Posted: Fri Mar 31, 2017 10:11 pm
by rah4927
Sketch of solution (with @ahmedittihad) :

Partition $K_n$ into $\lfloor \frac{n-1}{2} \rfloor$ hamiltonian cycles. Since each cycle has length $n$, we can divide each cycle into two paths of length $i$ and $n-i$. This achieves the desired construction.

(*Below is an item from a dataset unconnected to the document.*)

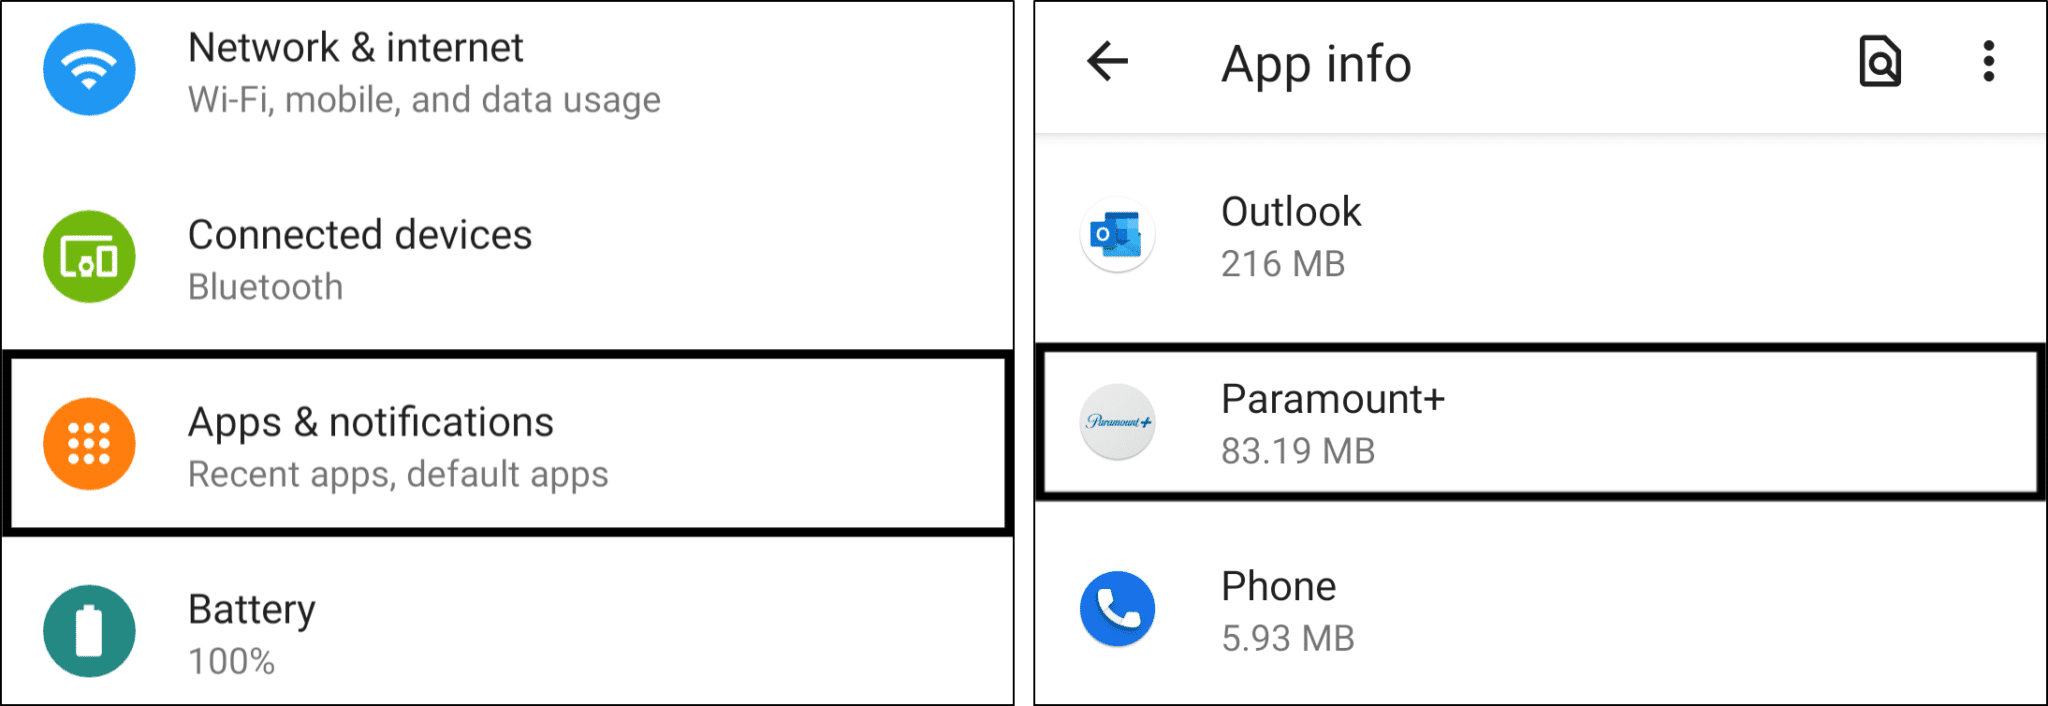 access Paramount Plus app settings in system settings on Android to clear app cache and data to fix Paramount Plus keeps buffering, not working, playing or loading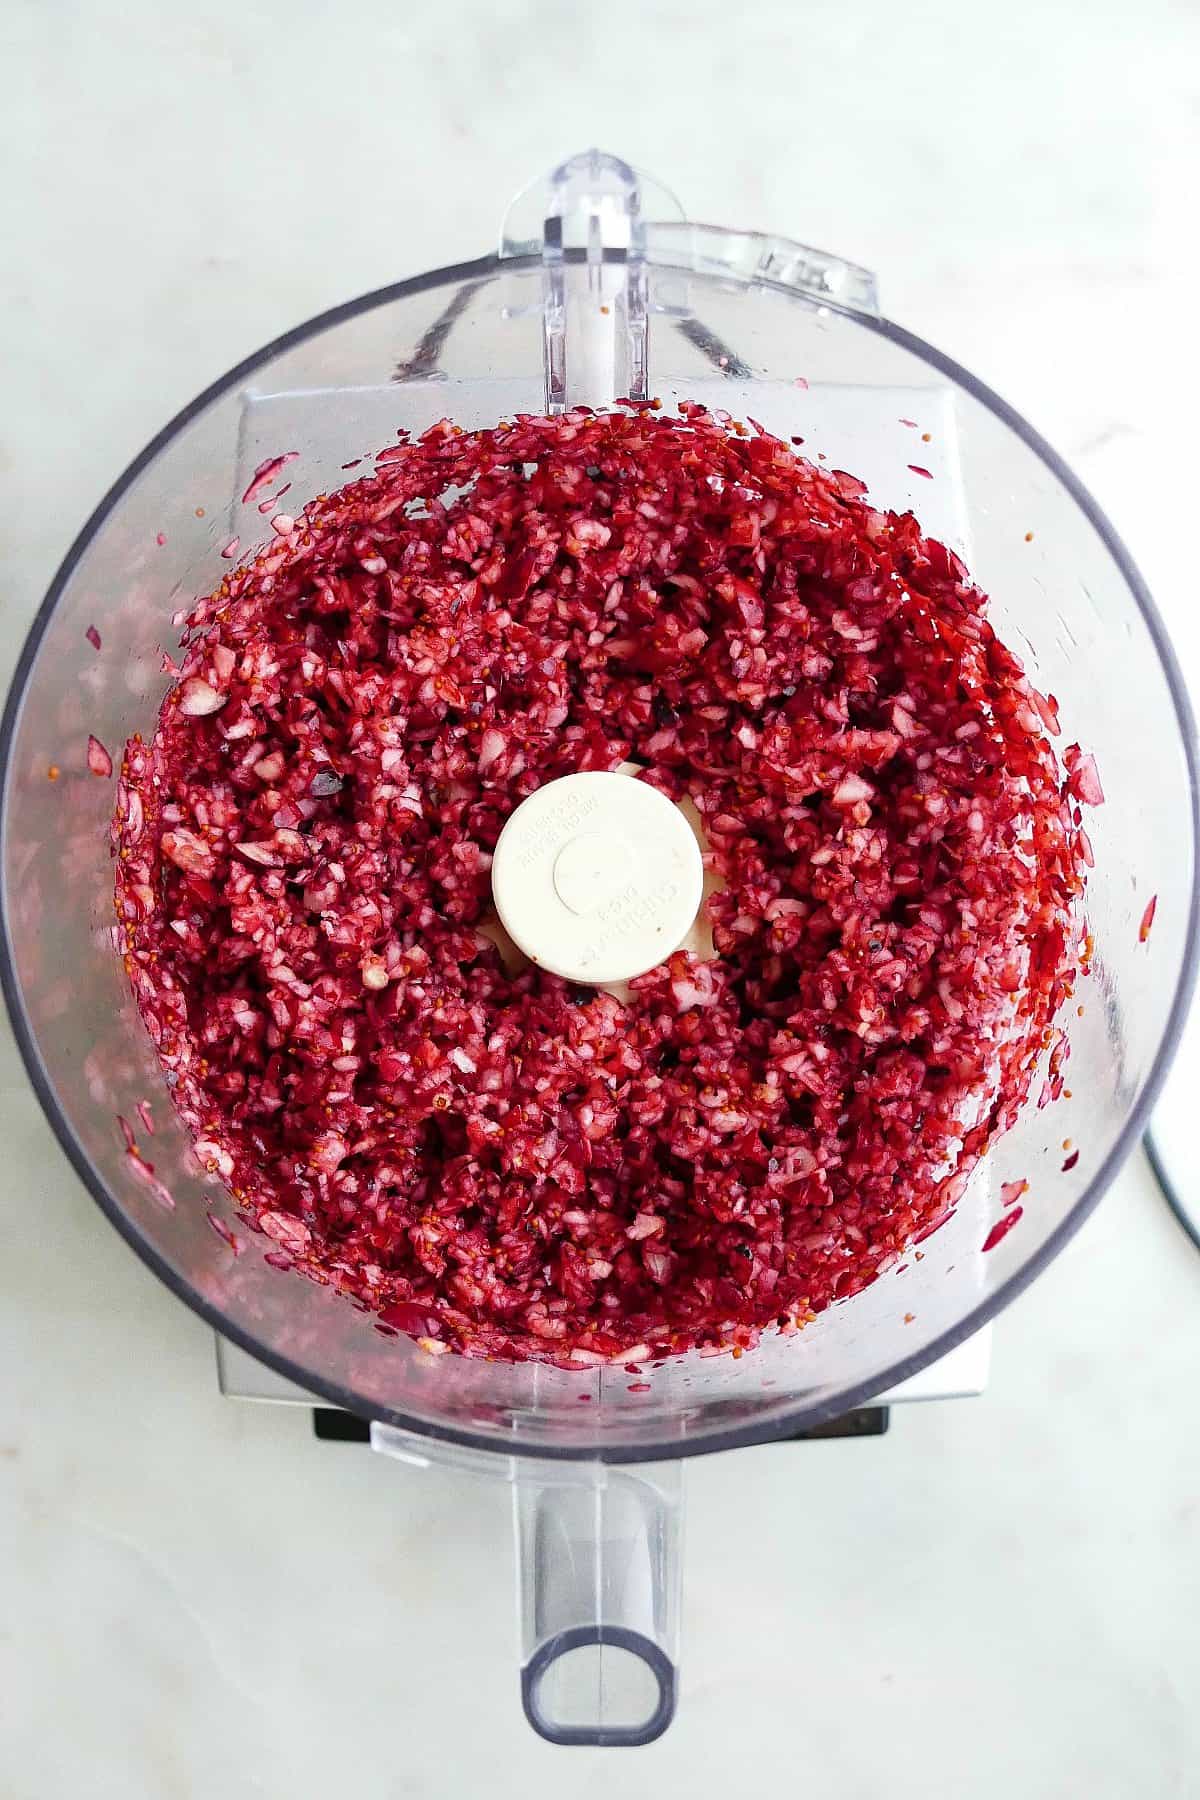 chopped cranberries in a food processor on a counter

The proof does need to be modified depending on the parity of $n$ - but it essentially stays the same.

Problem 18 :

Let $m$ be a positive integer, and let $T$ denote the set of all subsets of $\{1, 2, \dots, m\}$. Call a subset $S$ of $T$ $\delta$-good if for all $s_1, s_2\in S$, $s_1\neq s_2$, $|\Delta (s_1, s_2)|\ge \delta m$, where $\Delta$ denotes the symmetric difference (the symmetric difference of two sets is the set of elements that is in exactly one of the two sets). Find the largest possible integer $s$ such that there exists an integer $m$ and $ \frac{1024}{2047}$-good set of size $s$.

Re: Combi Marathon

Posted: Tue Apr 11, 2017 10:30 pm
by ahmedittihad
Solution? And another problem please.

Re: Combi Marathon

Posted: Sun Aug 20, 2017 10:07 pm
by Nirjhor
Problem $\fbox{19}$

C plays a game with A and B. There's a room with a table. First C goes in the room and puts $64$ coins on the table in a row. Each coin is facing either heads or tails. Coins are identical to one another, but one of them is cursed. C decides to put that coin in position $c$. Then he calls in A and shows him the position of the cursed coin. Now he allows A to flip some coins if he wants (he can't move any coin to other positions). After that A and C leave the room and sends in B. If B can identify the cursed coin then C loses, otherwise C wins.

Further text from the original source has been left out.